Фобия в чем-то сходна с табу, однако она уникальна и сокровенна: она умалчивает и о своих принципах, и о своих санкциях. Тот, кто страдает фобиями, чаще всего скрывает их как преступление. Что касается фетишизма, то он запрещает лишь то, что не подчиняется условиям наслаждения фетишем. Фетиш предельно изощряет умение наслаждаться, а потому его приходится хранить в тайне от других, передавая лишь непосредственно, с глазу на глаз, по секрету — от посвященного к посвященному. Фетиш не рождает ни связи, ни прорыва в новое; ослепленный фетишизмом взор создает метафору здесь и теперь, как место памяти о невозможном, о том, что угрожает нам всегда — даже когда кажется завоеванным и навсегда побежденным.
Само слово "табу" пришло к нам из тех далеких краев, которые изучались путешественниками в конце XVIII в[2]

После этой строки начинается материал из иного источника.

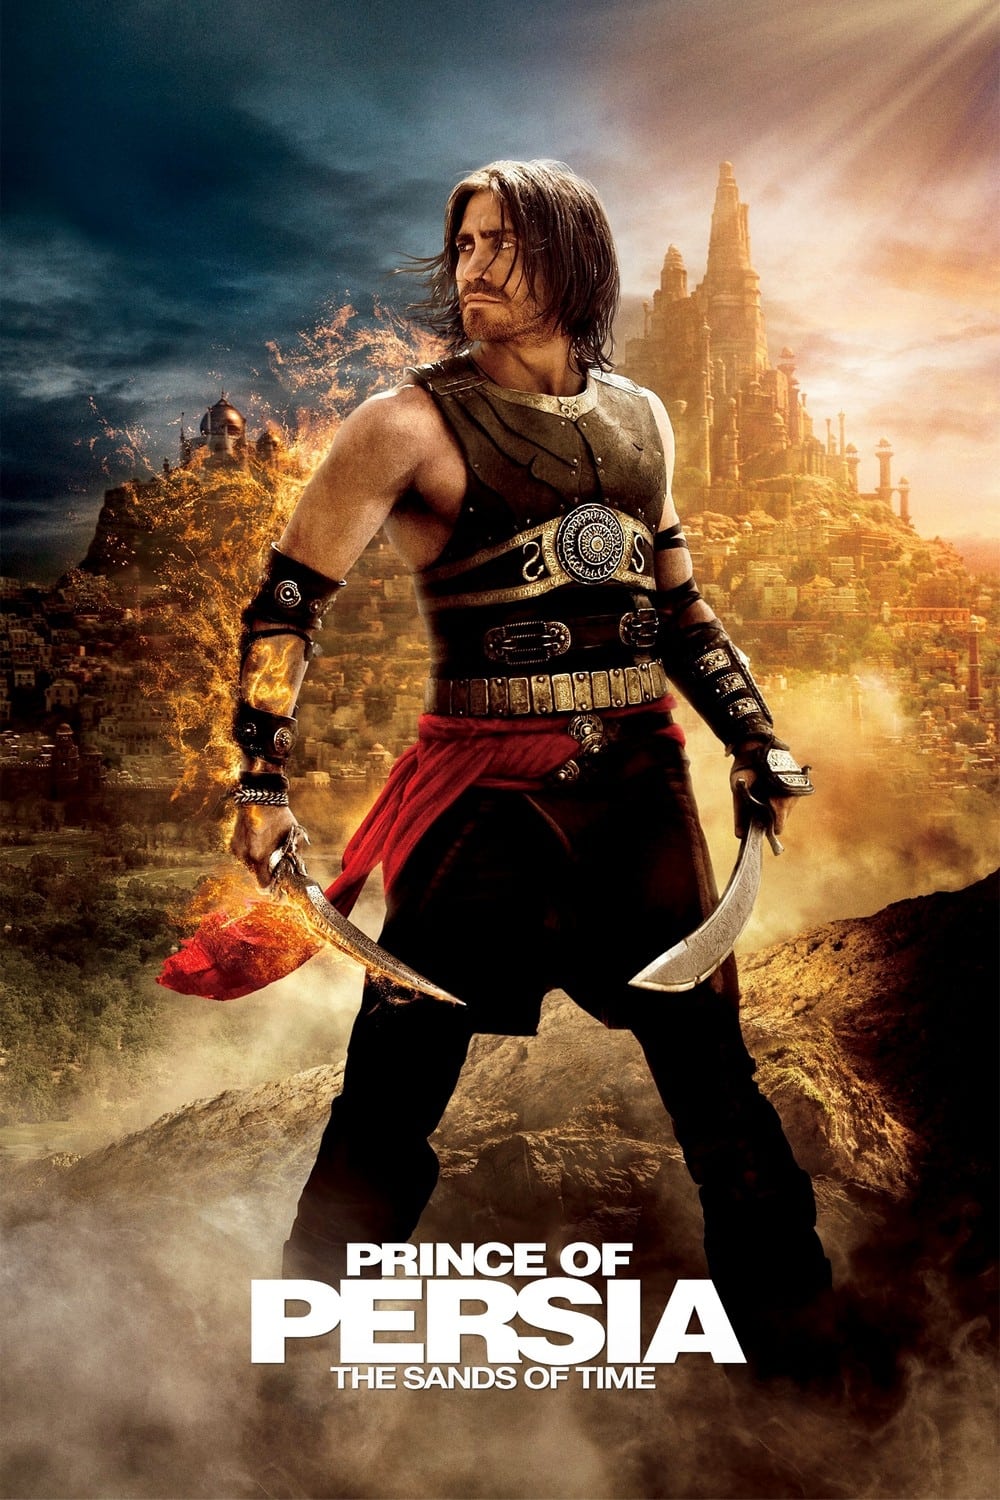 Prince of Persia - Der Sand der Zeit (2010)

. Оно обозначает те сдвиги, раны, зияния, которые возникли в западном культурном пространстве где-то между последними вскриками одержимых луденских монахинь[3]
и грандиозной разверткой новых законодательств, учреждавших республики или демократии (или же все то, что было им противоположно). Табу — это закон, который еще не свободен от магии, но уже доступен истолкованию как другое нового, рационального закона. Табу — это разновидность безымянного закона, который постоянно грозил западной культуре и преследовал ее, словно призрак. Психоанализ, который, как известно, охотно заимствует любую попавшуюся под руку терминологию, нашел удачное применение (за рамками "примитивных" культур) и для термина "табу". А именно он внедрил табу в душу современного человека и раскрыл в ней не ведающее о себе самом наслаждение.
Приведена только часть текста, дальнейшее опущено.